Consider the following program fragment:

if(a > 0)
    P(s1);
else
    P(s2);
b++;
P(s3);
if(b < 0 && a <= 0)
    P(s1);
else if(b >= 0 && a > 0)
    P(s2);
else
    P(s4);
a++;
V(s4);
V(s3);
V(s2);
V(s1);

s1, s2, s3 and s4 are semaphores. All variables are automatic. Now, consider two threads running this fragment of code simultaneously, can there be a deadlock? Why, or why not?

Solution:

Yes, there can be a deadlock. Consider the scenario where thread 1 starts by locking semaphore s1 then gets switched out while thread 2 runs. Thread 2 may start running with variable a set to 0 (remember, because the variables are automatic, each thread has its own independent set). Thread 2 will acquire semaphore s2, then proceeds to acquire s3. Then, if (b<0 && a <=0), it will try to acquire s1. This forces thread 2 to wait for thread 1 which holds this semaphore. Now, thread 1 may proceed but will block when it tries to acquire semaphore s3. This forms a cyclical wait, and a deadlock occurs.

Problem 3

An angry mob goes after the five dining philosophers, who escape into a dark alley in an unfrequented part of the town. They found an old soup kitchen, 5 bowls, and a coin. They decide to adapt to a new lifestyle. A philosopher now goes through the sequence:

while(1)
{
    flip the coin
       if(head) Table.Work()
       else Table.Eat()
   Think()
}

where Table is a shared object that encapsulates the system's shared state. As a result of the function Table::Work(), the philosopher makes enough soup to fill a bowl. Similarly, the result of the function Table::Eat() is that a philosopher picks a bowl and consumes all the soup in it. Note that there is no correspondence between bowls and philosophers, i.e., a philosopher will eat from any available bowl that contains soup, and will fill any available empty bowl.

Using locks and condition variables, create a Table object to organize the philosophers' working and eating. Specifically, write the Table constructor and the methods Table::Work(), Table::Eat.
Solution:
Table constructor
lock = new Lock();
bowlEmpty = new Condition();
bowlfull = new Condition();
int full = 0;
Table::Work()
lock.acquire();
while(full == 5) {
bowlEmpty.wait(&lock);
}
full++;
bowlFull.signal();
lock.release();
Table::Eat()
lock.acquire();
while (full == 0) {
bowlFull.wait(&lock);
}
full--;
bowlEmpty.signal();
lock.release();
If the coin guarantees that no more than four heads or four tails can appear in a row, is it possible to have starvation in the system?
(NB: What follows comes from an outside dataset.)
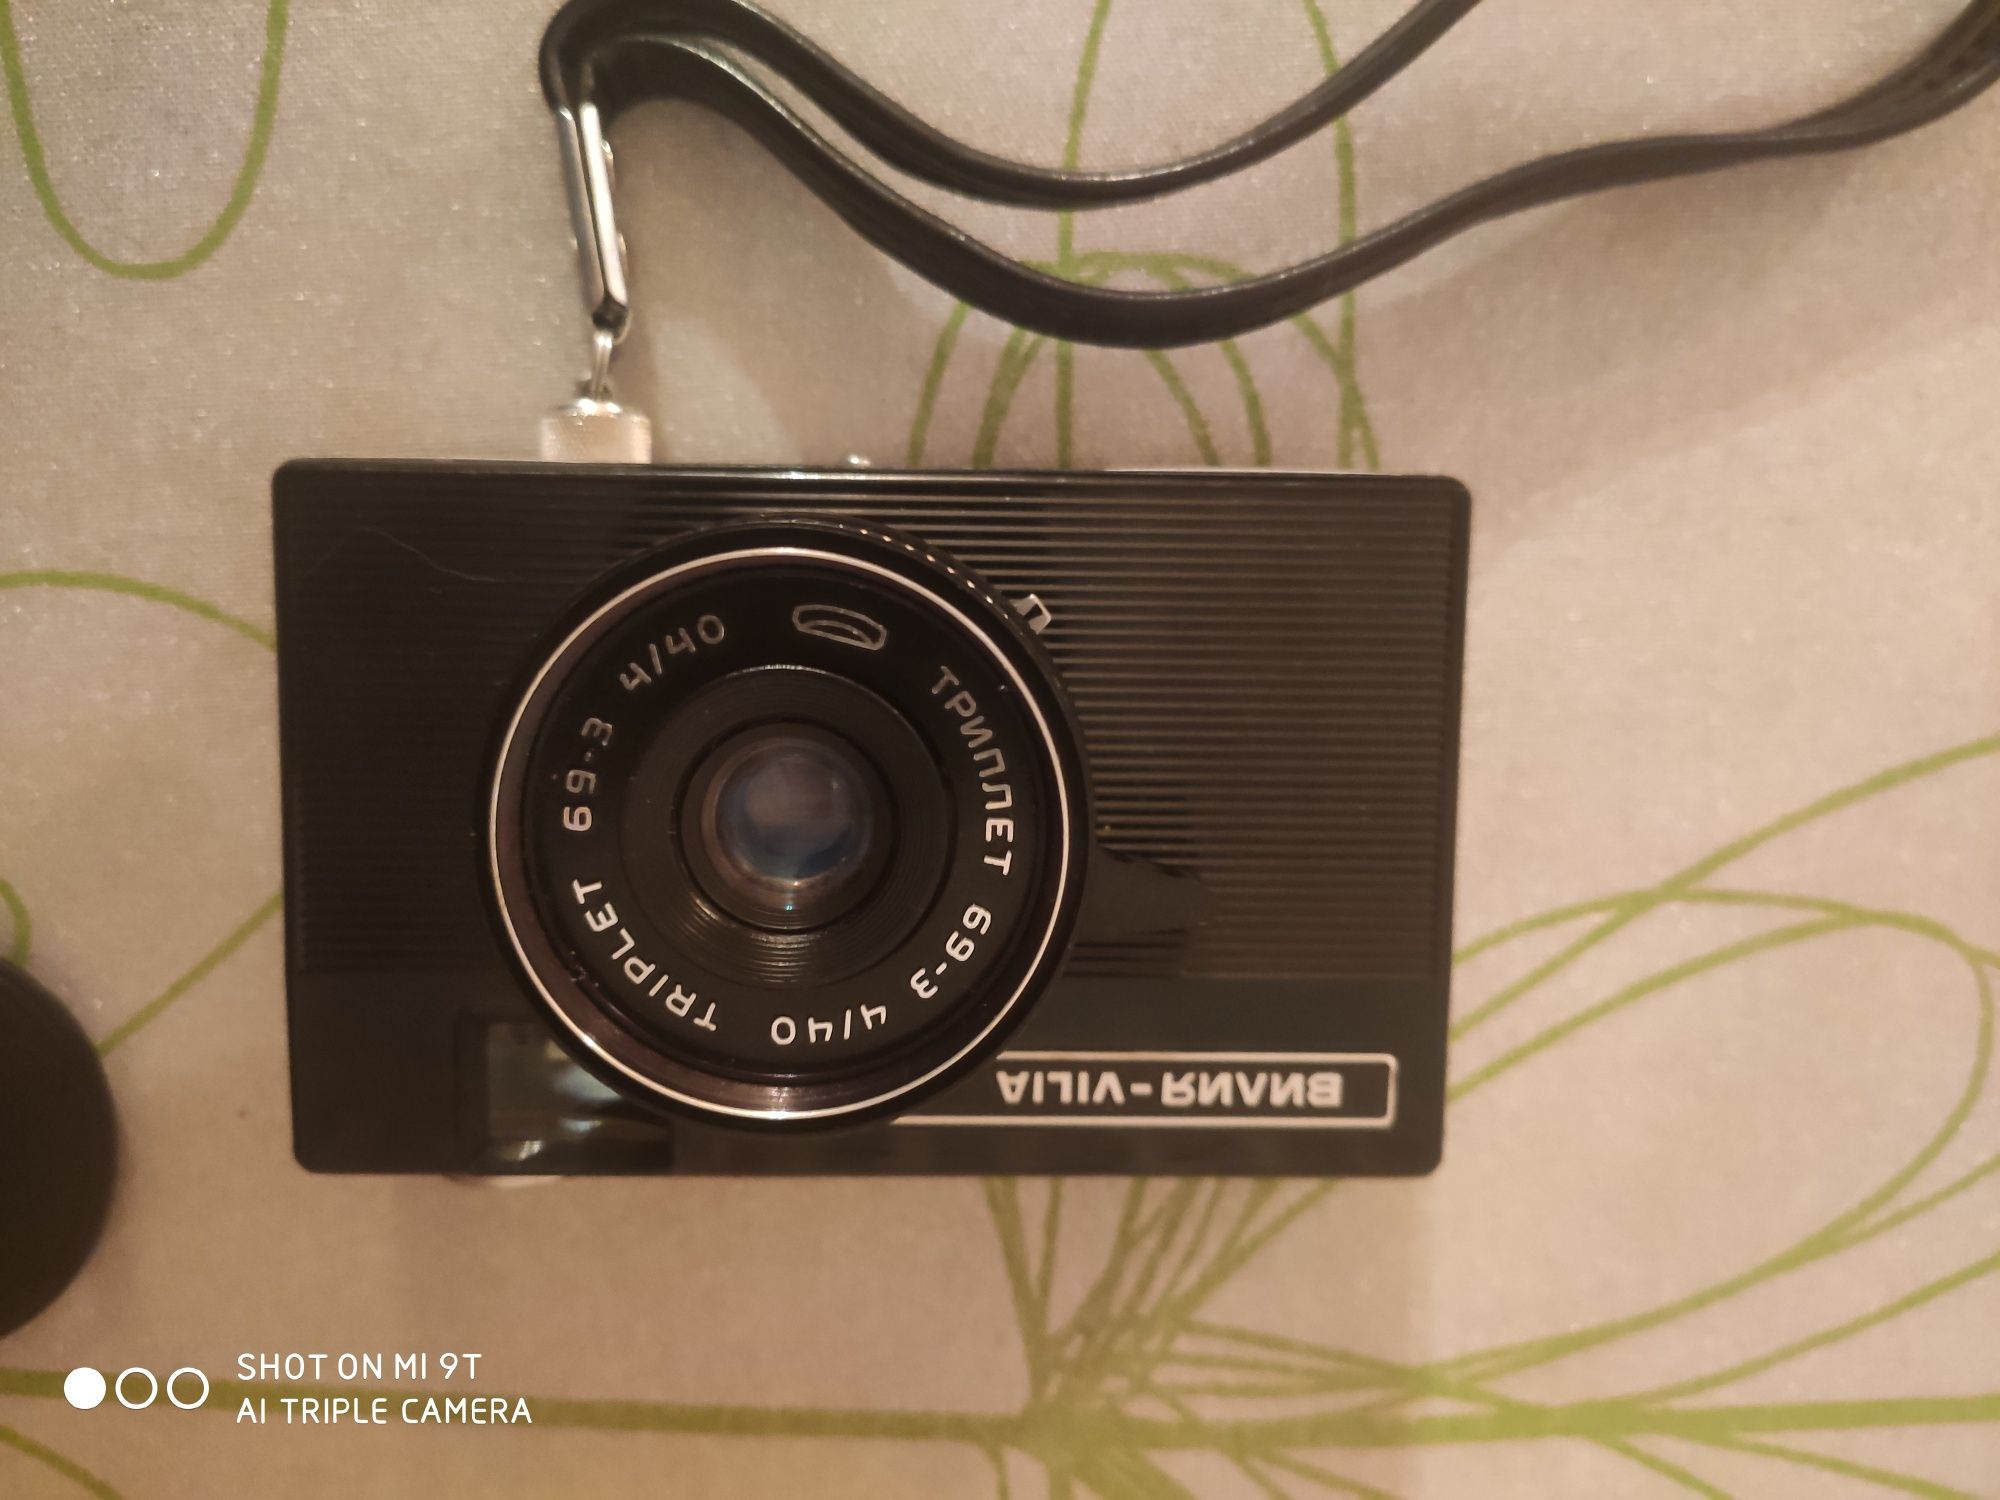 Продам плёночный фотоаппарат Вилия
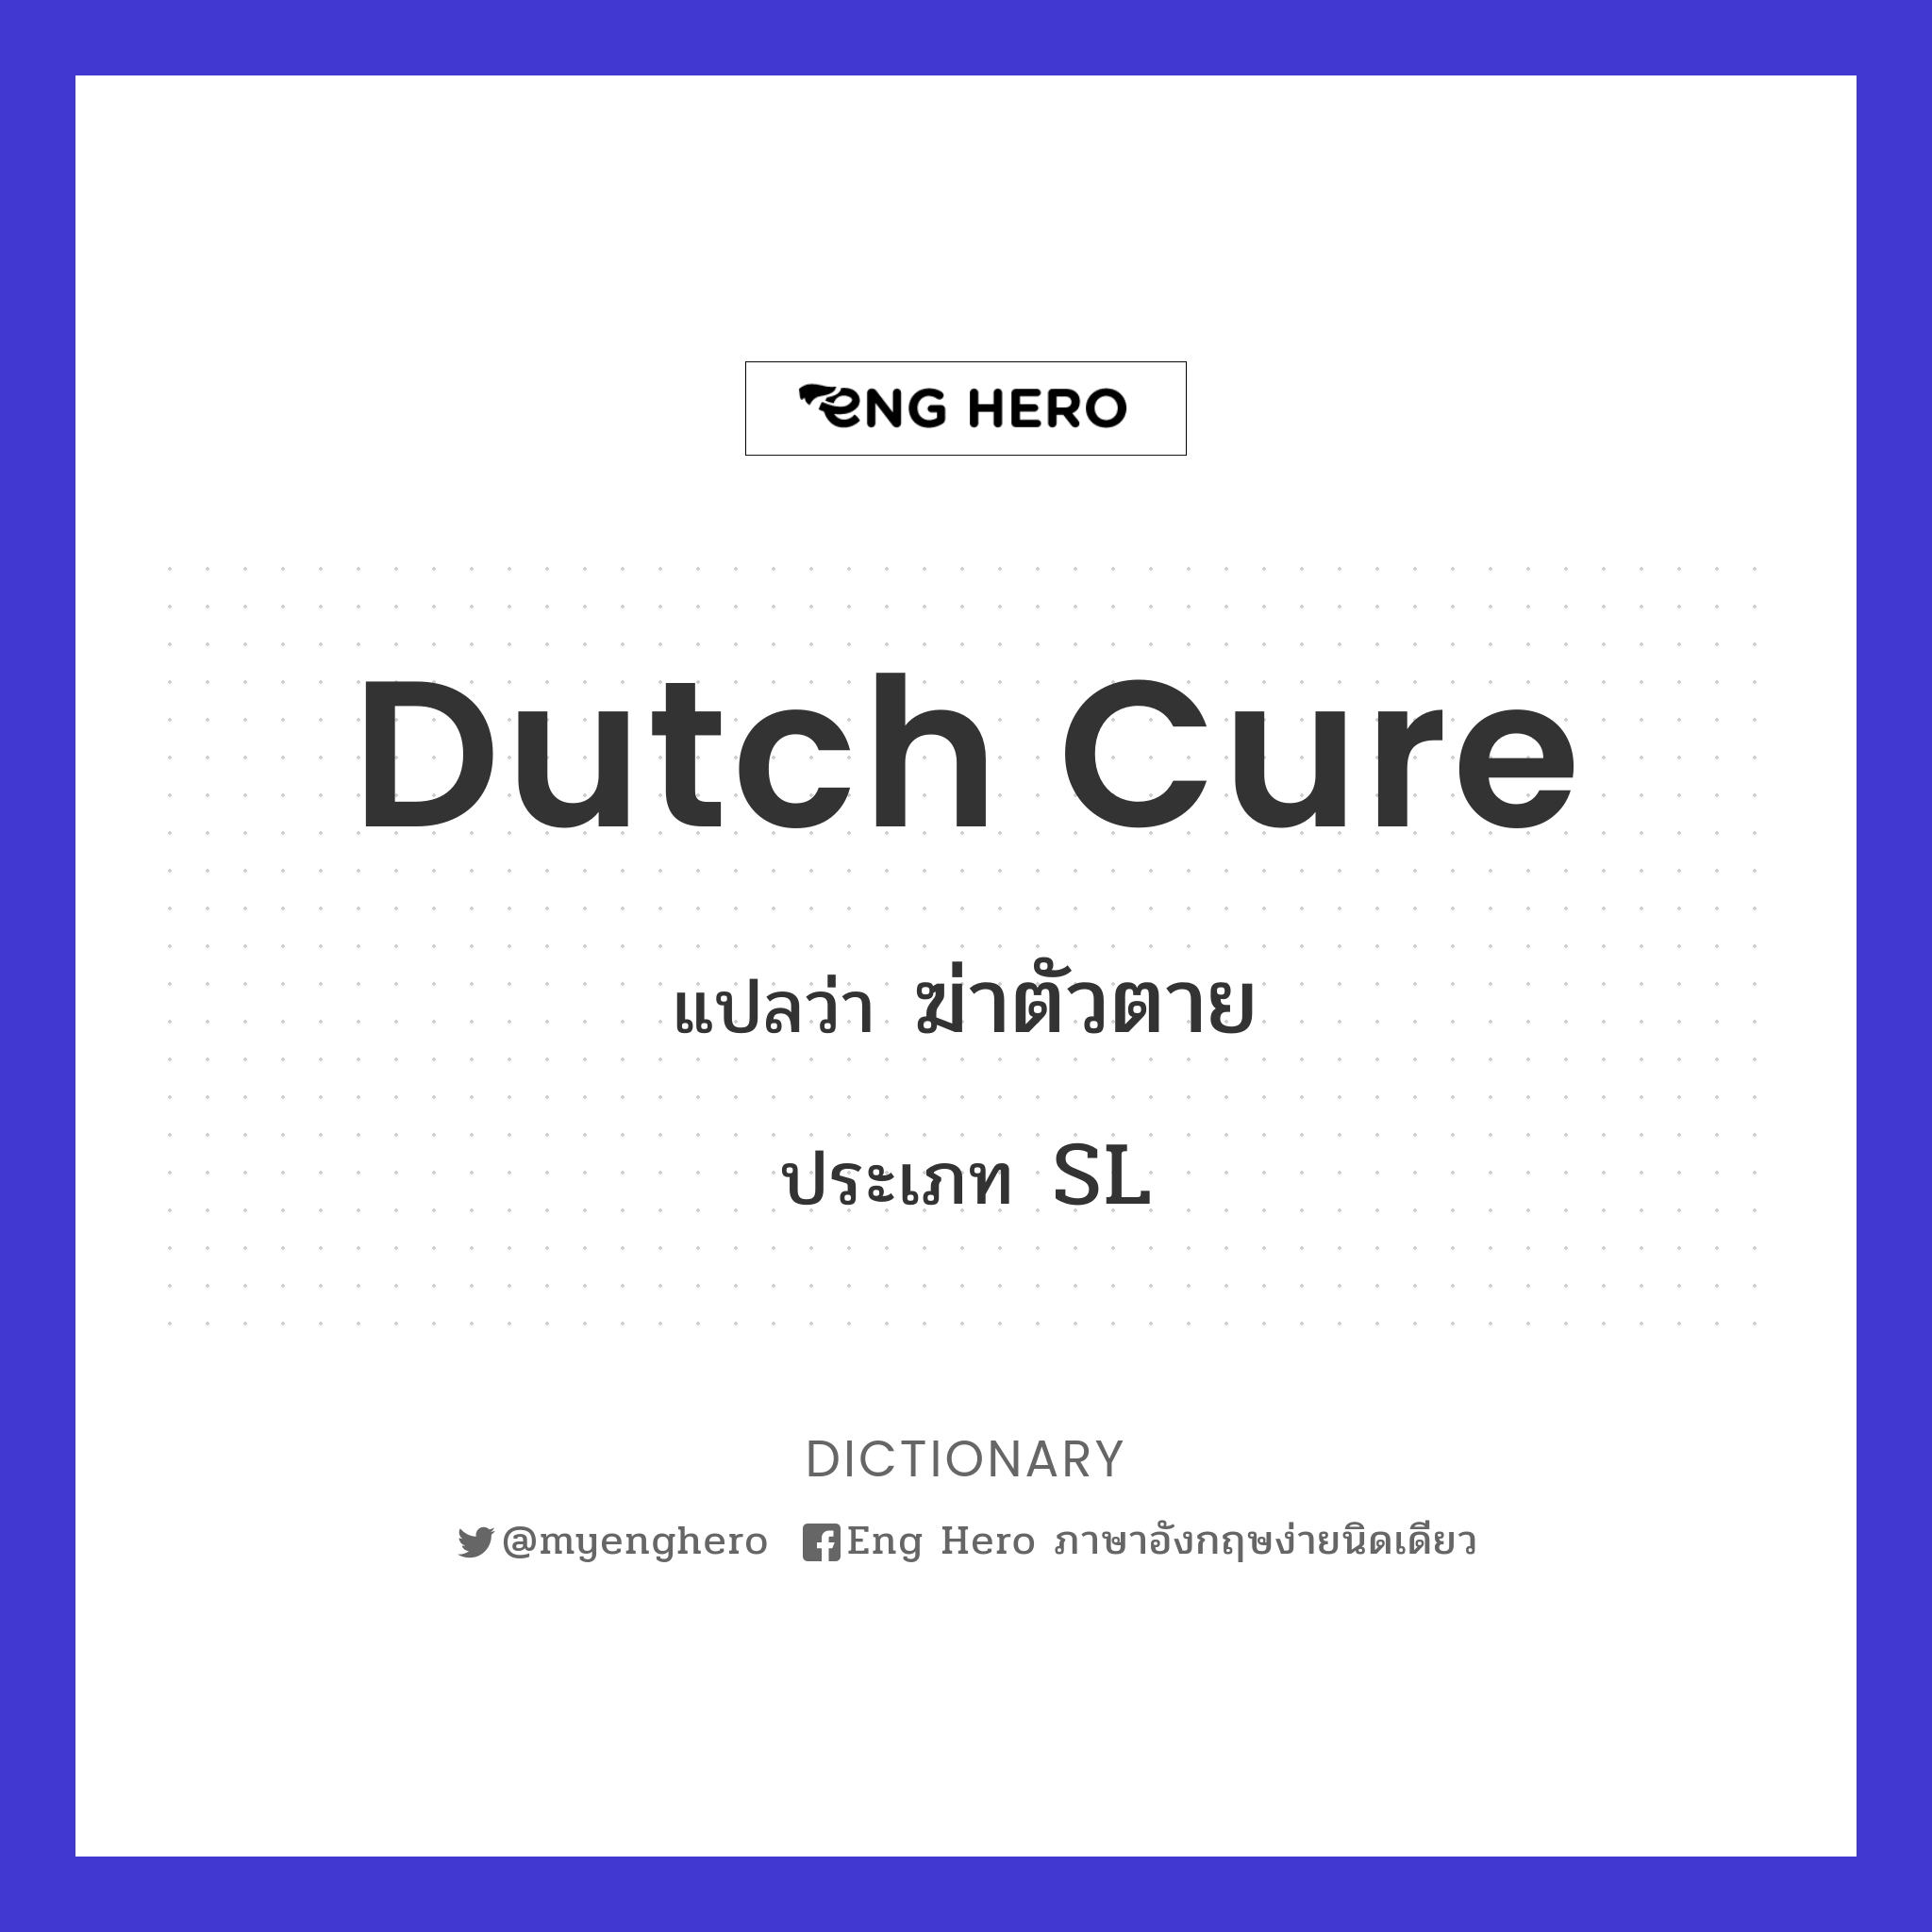 Dutch cure

Explain your answer.
Solution:
Yes. Suppose the bowls start empty and four tails come up in a row. Then four threads are waiting in Eat(). The next flip must be heads, and a thread will Work. Then, three threads must be waiting in Eat(), and 2 threads in the main loop. Now suppose two more tails come up in a row. Then all five threads are waiting in Eat(), and no thread remains to Work(). Silly philosophers.

Problem 4

True/False Starvation implies deadlock.

Solution:
False.

Problem 5

In the context of deadlock prevention, how does a safe state differ from an unsafe state?

Solution:
In a safe state there exists a safe sequence -- an ordered sequence of resource grants that would allow each process that currently holds any resources to acquire that process's maximum resource allocation. In an unsafe state, no such sequence exists. Thus, an OS can always prevent deadlock when a system is in a safe state by only granting resources that keep the system in a safe state. Conversely, if the system is in an unsafe state, there exists at least one sequence of requests that will deadlock the system regardless of what the OS does.

Problem 6

Define the term priority inversion.

Solution:
Priority inversion is a program bug in which a high priority thread waits for a lock that is held by a low priority thread and the low priority thread is unable to release the lock because a medium priority thread is using the CPU (or other required resources). In effect, the high priority thread is waiting for the medium priority thread.